What the task asks ->
Every line from the one containing "Park Stock Photo" through the end of the listing below must be given again exactly, and nothing else; exclude pictures.

Provided material ->
=== Section Start ===
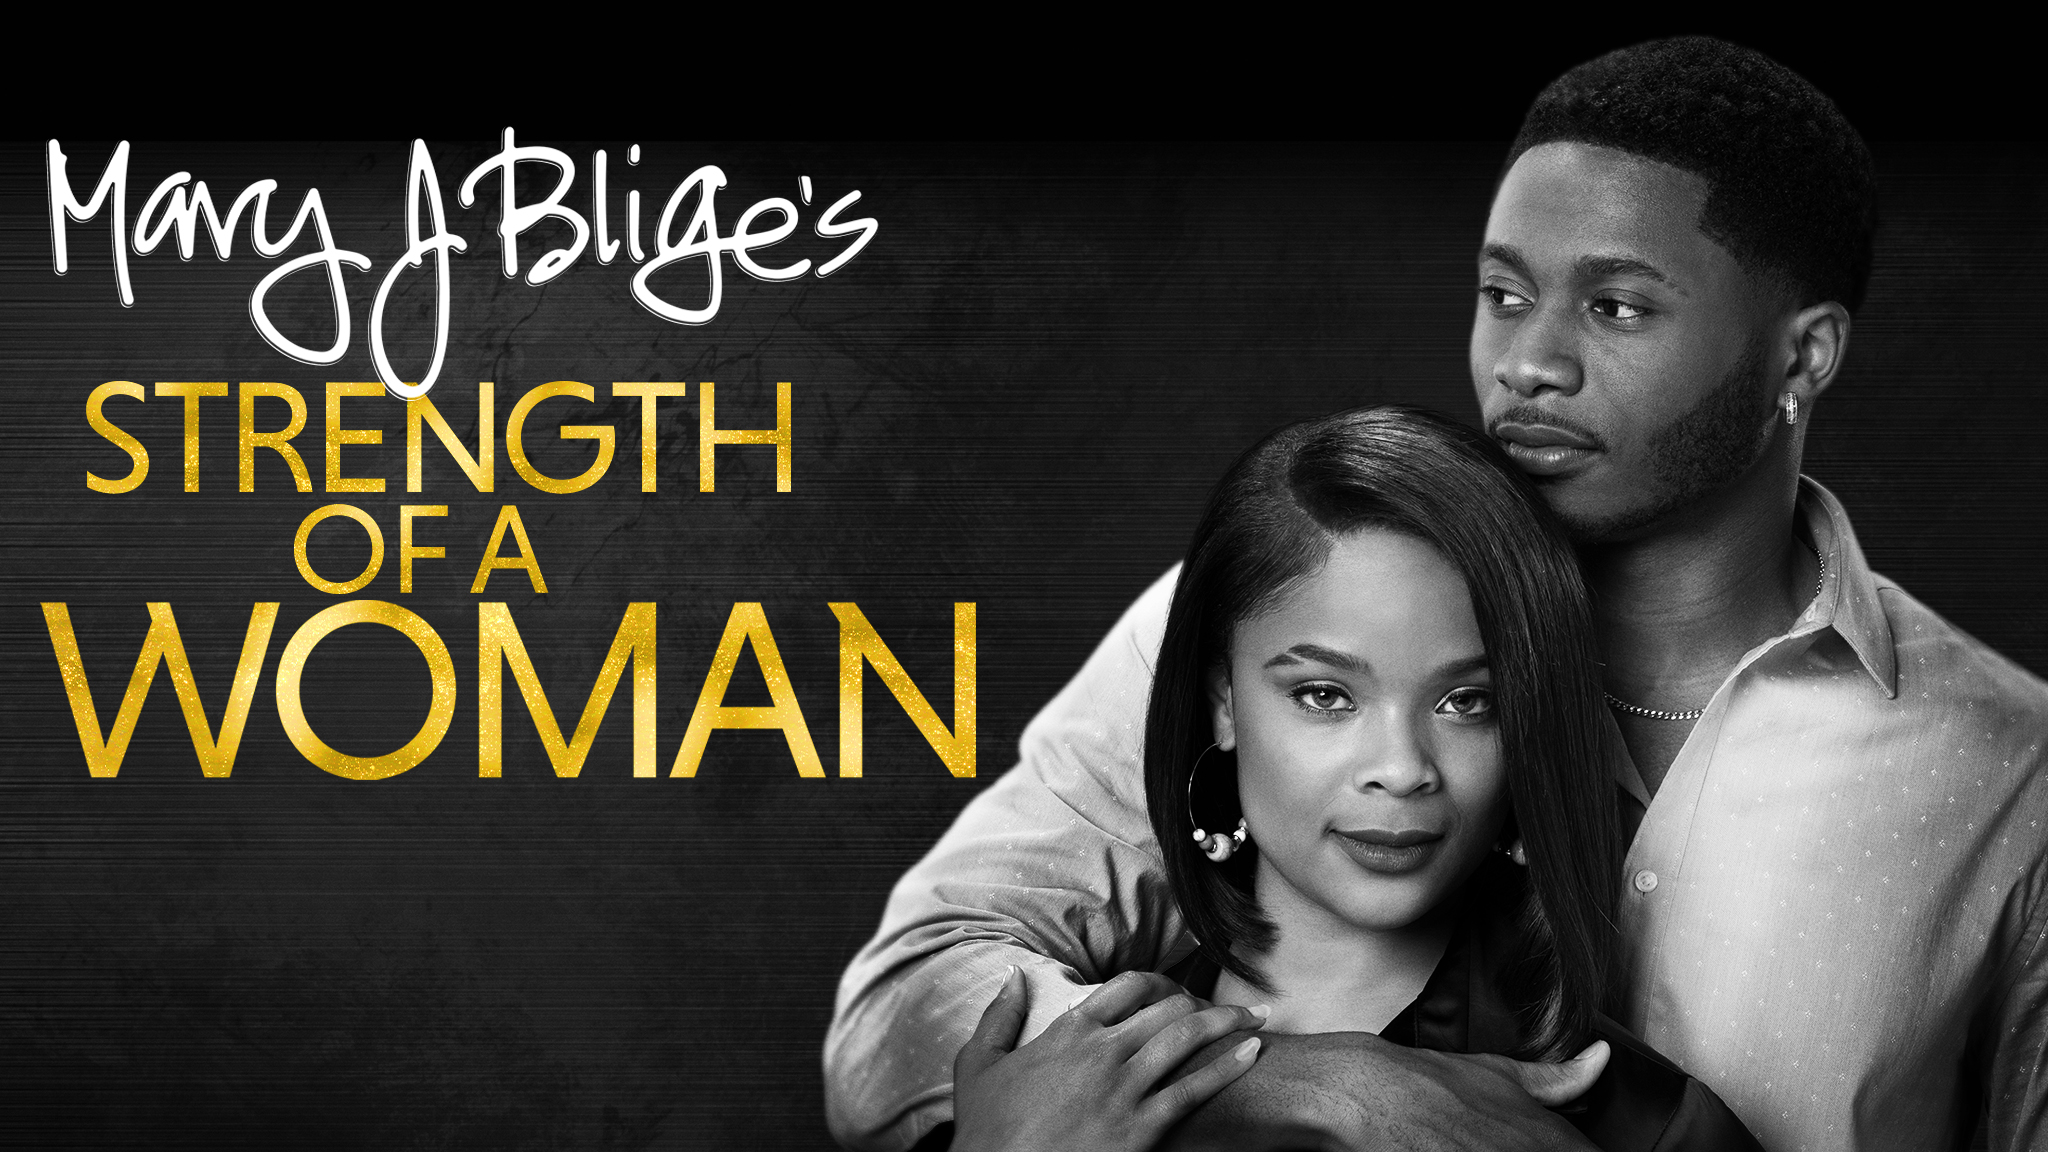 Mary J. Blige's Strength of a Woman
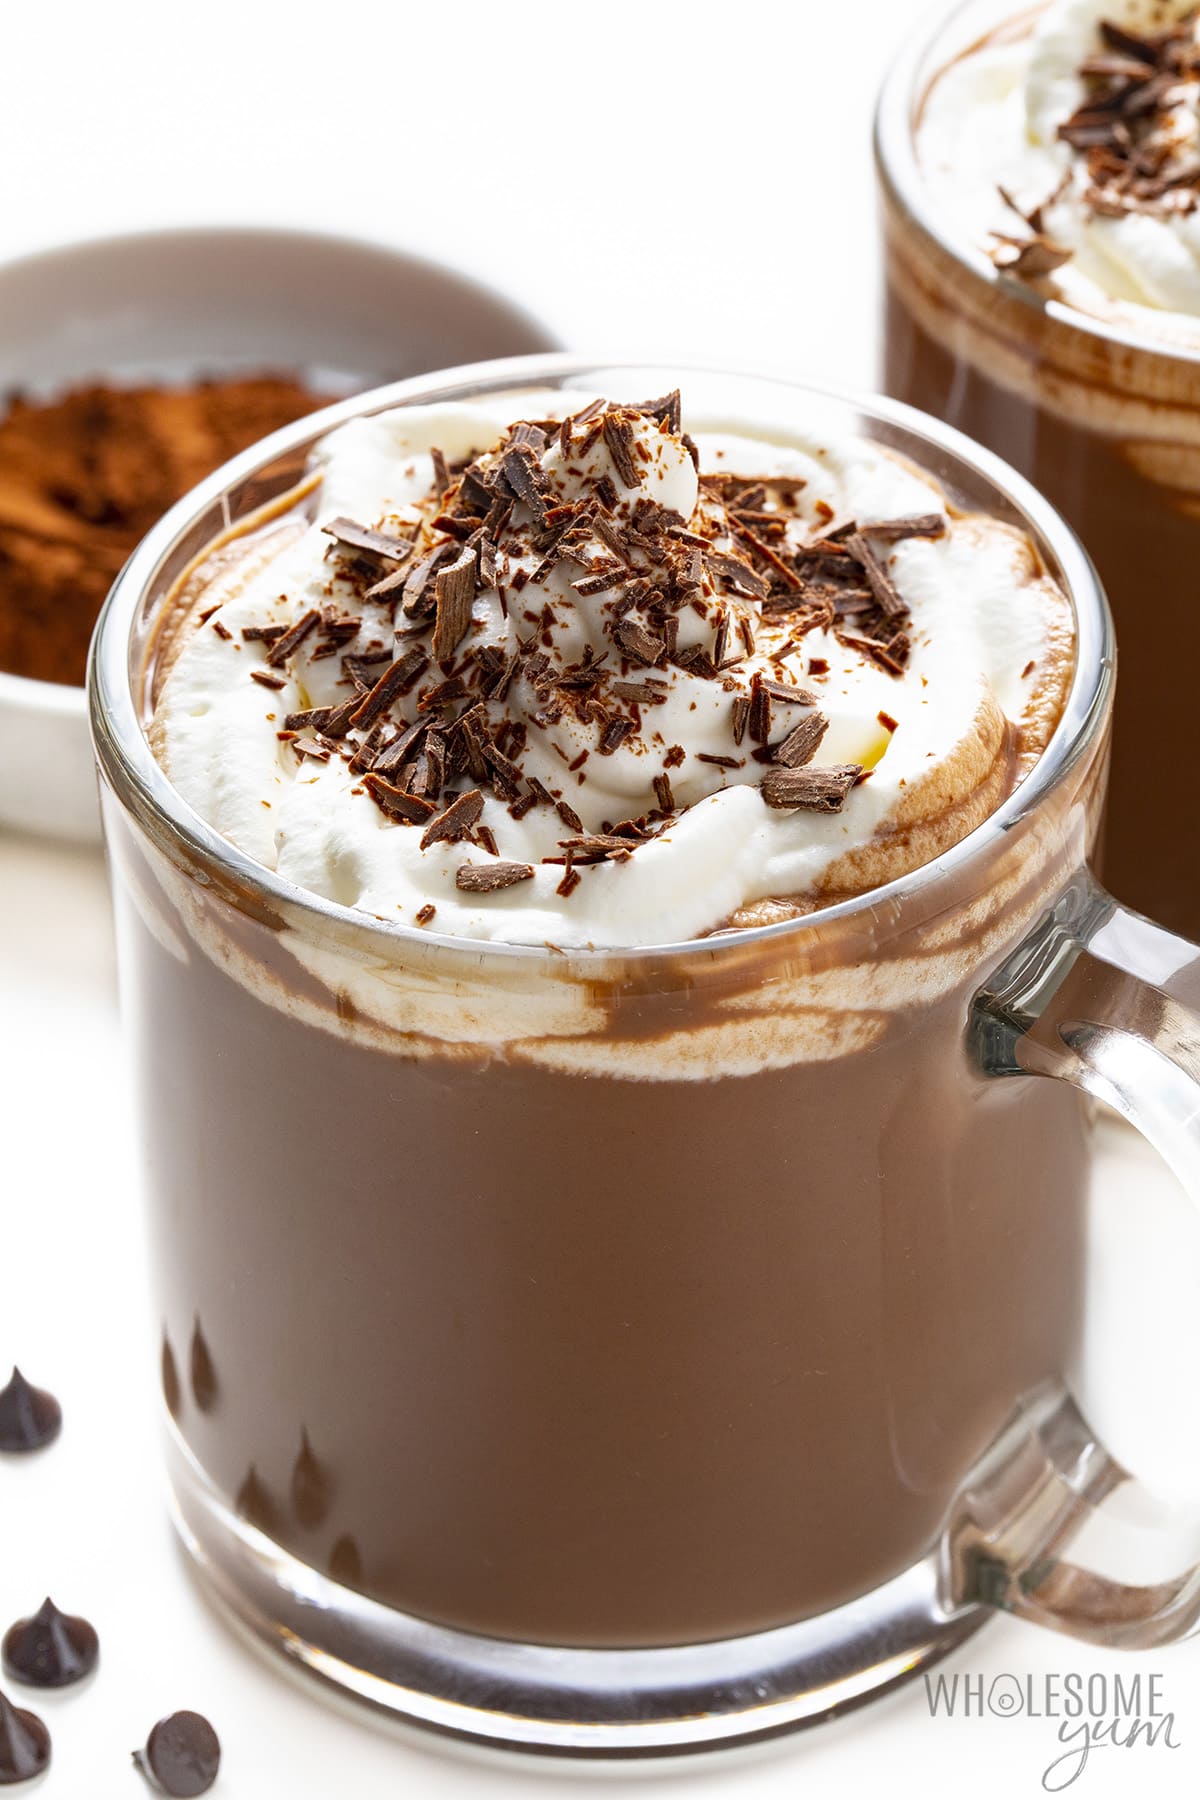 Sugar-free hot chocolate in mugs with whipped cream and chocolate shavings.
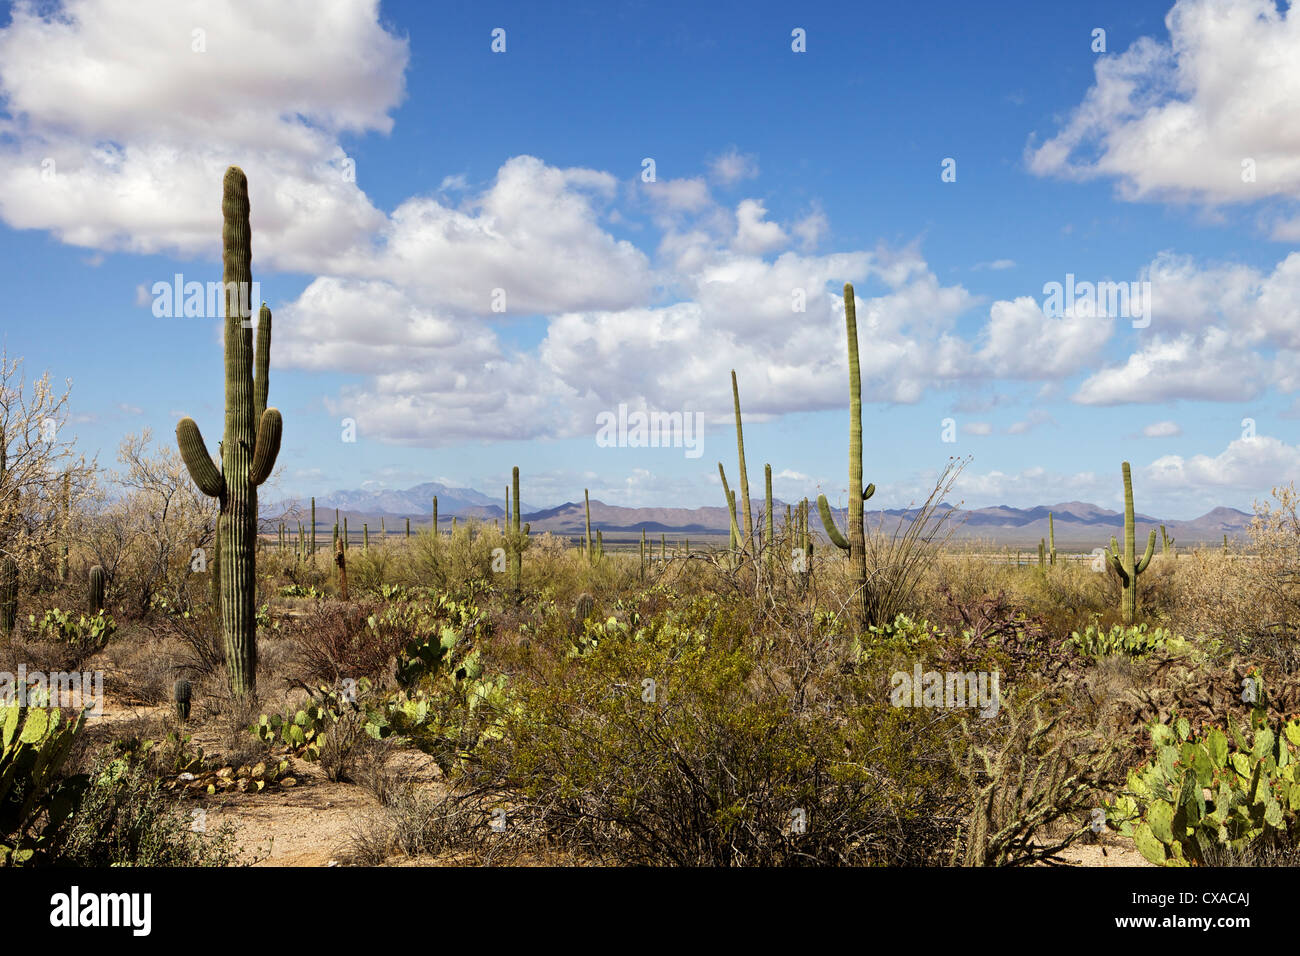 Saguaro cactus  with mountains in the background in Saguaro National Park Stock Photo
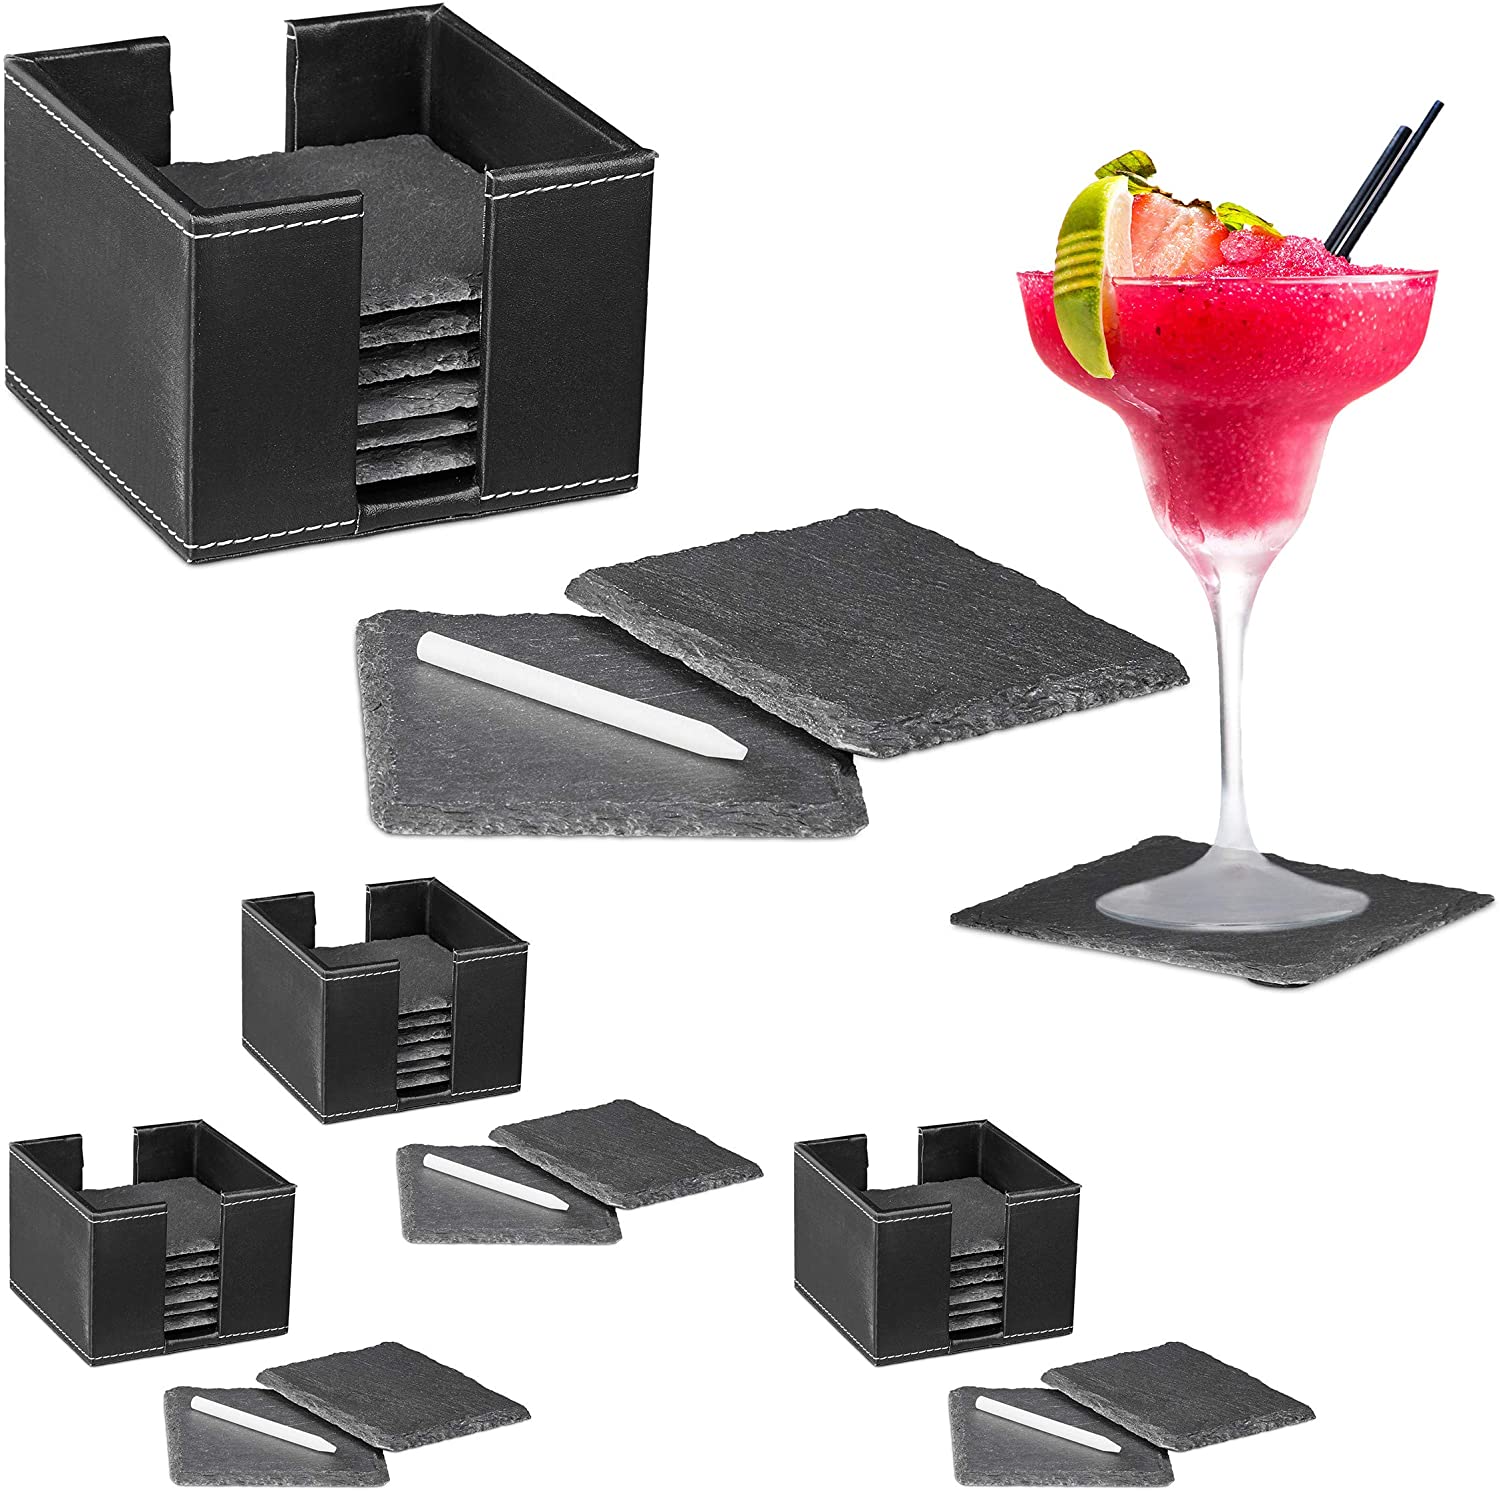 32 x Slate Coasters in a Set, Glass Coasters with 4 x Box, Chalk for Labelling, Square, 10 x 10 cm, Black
=== Section End ===
Written solution ->
 Saguaro cactus  with mountains in the background in Saguaro National Park Stock Photo
 32 x Slate Coasters in a Set, Glass Coasters with 4 x Box, Chalk for Labelling, Square, 10 x 10 cm, Black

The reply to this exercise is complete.